However, underperforming teams don’t just give up and sell off the farm – the bias is towards trying to win, so they’ll look at their run differential and note that they’re better than they’ve played, and sustain hope based on that. Look at the Cardinals, for instance – they didn’t become sellers simply because they’re way underperforming their pythag.

Underperforming teams regress more heavily to the mean because they’re less likely to make changes that create a self-fulfilling prophecy. Win% causes teams that are overperforming to make significant positive changes to their rosters in a way that it doesn’t cause underperforming teams to make significant negative changes.

You very strongly assert that the explanation which Bill more proper throws out as a possibility is true.

This strong assertion is not justified without proof.

You don’t think it is self-evident?

No, Jason, it is most assuredly not self-evident. I think you need to look up self-evident in a dictionary.

I would add–in response to Cliff– that the reason for less correlation between August and ROS vs. July and ROS has to do with mis-matched sample sizes. By the end of august, there are only 30-ish games left, meaning more variance in results and lower correlations. The highest correlations should theoretically occur when neither sample size is very low.

I have several questions but will limit it to two for now.

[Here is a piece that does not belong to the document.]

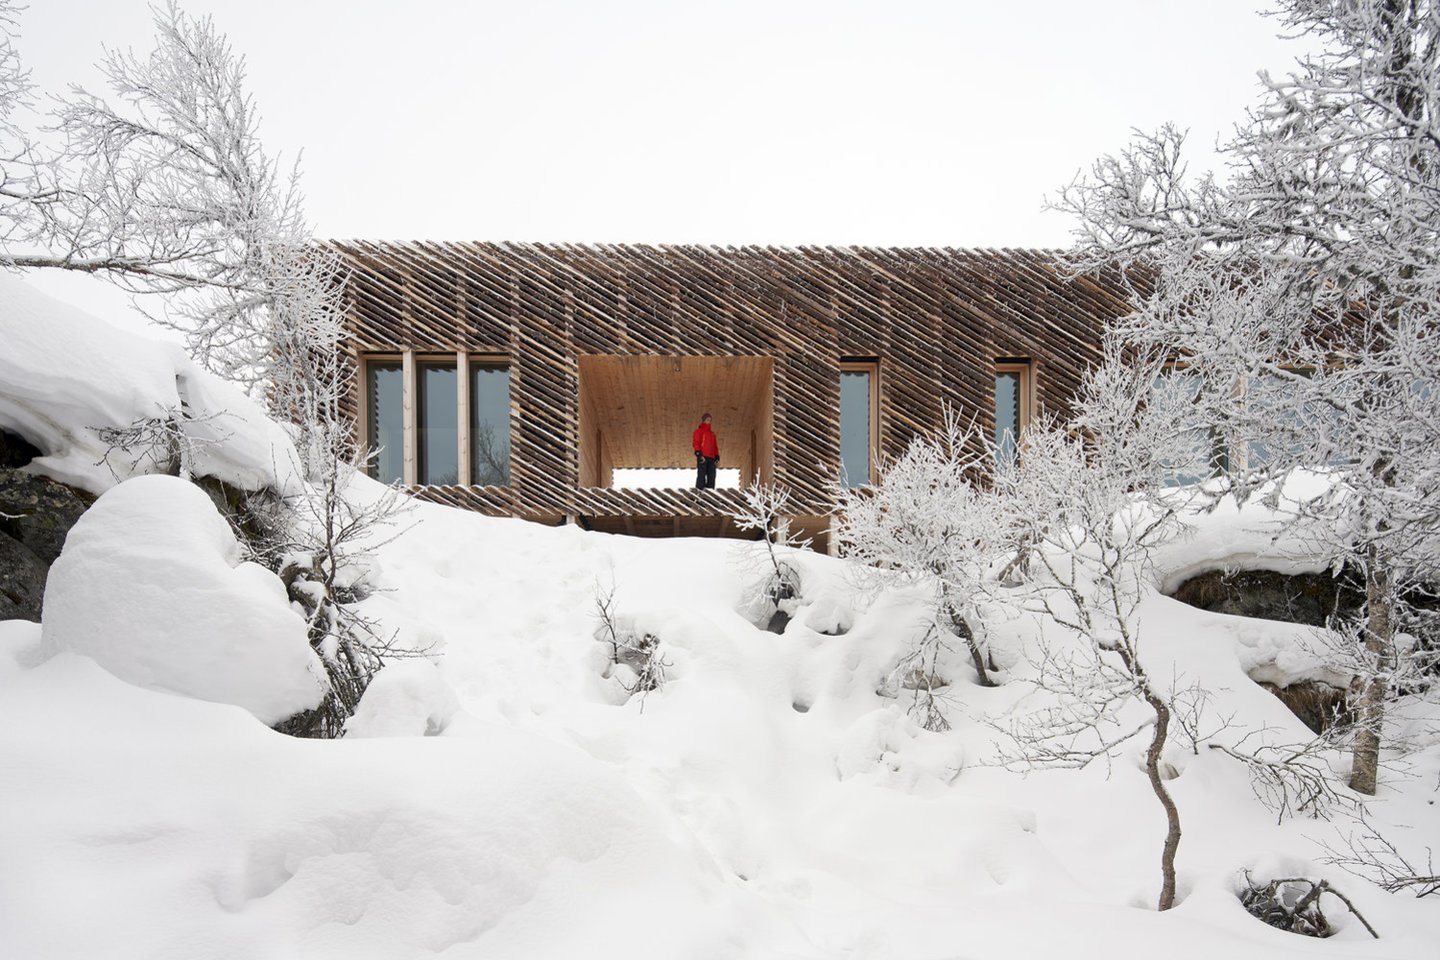 Vakarinėje Norvegijos slidinėjimo kurorto Kvitfjellio pusėje, į šiaurę nuo Lillehammerio, architektų biuras „Mork-Ulnes Architects“ kalnuose suprojektavo 145 kv. m ploto namelį.<br>Bruce Damonte / archdaily.com nuotr.

1) Could someone help me (a liberal arts guy who has slowly tried to teach himself some basic statistical concepts) understand what is meant by “both [types of winning percentage] explain more than

27% of the variancein ROS winning percentage.”?2) What teams were included in the “teams that outperformed their Pythagorean expectation by five or more wins through the end of each month”? Was it any team that at any point in the season ended a month 5 games up? Or was it only teams that ended every month 5 games up (through August)? If it was the latter, that would seem to significantly bias the sample in such a way as to overstate the predictive power of actual winning percentage.

It’s clear that a complete picture of a team’s ability should include run distribution and how the Runs/RA are distributed over 162 individual games. Having a great, shutdown bullpen appears to be one way to repeatedly beat out Pythag expectations, if the manager makes the right decisions on a game-by-game basis.

I’ve been wondering for a while now if we could use standard deviation to attach a sort of “confidence value” to Pythagorean %, or maybe do something like take out a certain number of outlier games to get an adjusted Pythagorean %, or even cap runs scored and runs allowed at a certain value to see if that correlates better. But I guess all that extra work would defeat the quick and dirty part of Pythagorean Win %.

I would have done it by now, but I honestly don’t know where to find good data. Which brings me to my second (albeit unrelated) point: Fangraphs should do a series on how to conduct sabermetric research (or if it has been done, disregard and/or mock me).

In theory there exists a better Pyth formula which incorporates the standard deviation of RS and RA per game, not just the totals (or per game average). It’s easy to show that a high standard deviation of RS causes you to underperform your Pyth and a high standard deviation of RA causes you to overperform, for the obvious reasons that every extra run you score or allow in a game has less influence on your chances of winning.

The problem is that the standard deviations are not widely available, so anyone who wants to try to come up with such an improved Pyth has to do a ton of preparatory work. I’d love to see the standard historical team records include RS/27 outs and RA/27 outs (rather than per game, which removes the sometimes significant noise of having played one or more marathon games) and the standard deviations of both (you normalize every game to 27 outs to get the SD).

Amazing article. My fav (non Wendy) in a while.

The Orioles certainly have an effective bullpen this year, but has anyone thought about the combination of their total HRs and bullpen ERA being a driver of their better record in one run games, and thus outperforming their run differential? They rank in the top 5 in bullpen ERA and total HRs, and in the top 2 in both categories after the 7th inning.

Just curios.

Where are the error bars? Having the difference between the curves be so small could be accounted for by error. Maybe there is no real difference between the two.

Would certainly like to see some more information in regards to the effects of the bullpen on run diff/actual winning % differences.

As an Indians fan, I remember an interview with Manny Acta earlier this year where he was asked if his poor run diff was concerning, and he said it was but that it was blown out of proportion because the games that the Indians have won tended to be close games that they handed over to their 3 best relievers.

This makes sense. It’s been pretty well-documented that having a well-managed (and/or top-heavy) bullpen will help you outperform your Pythag. What you could be seeing in your data is the point at which a team’s “bullpen management ability” stabilizes.

One other thing to keep in mind is that blowouts have a large impact on Pythag% whereas there is no differentiation when it comes to actual winning %. It’s also possible that you’ve identified the point where blowout wins/losses become less relevant, although this could be due to any number of factors.

I challenge your opening statement and especially question the addition of the purely valuative term “well-managed.” (Again, I smell a circular argument.)

Please provide a source of your “pretty well-documented” assertion.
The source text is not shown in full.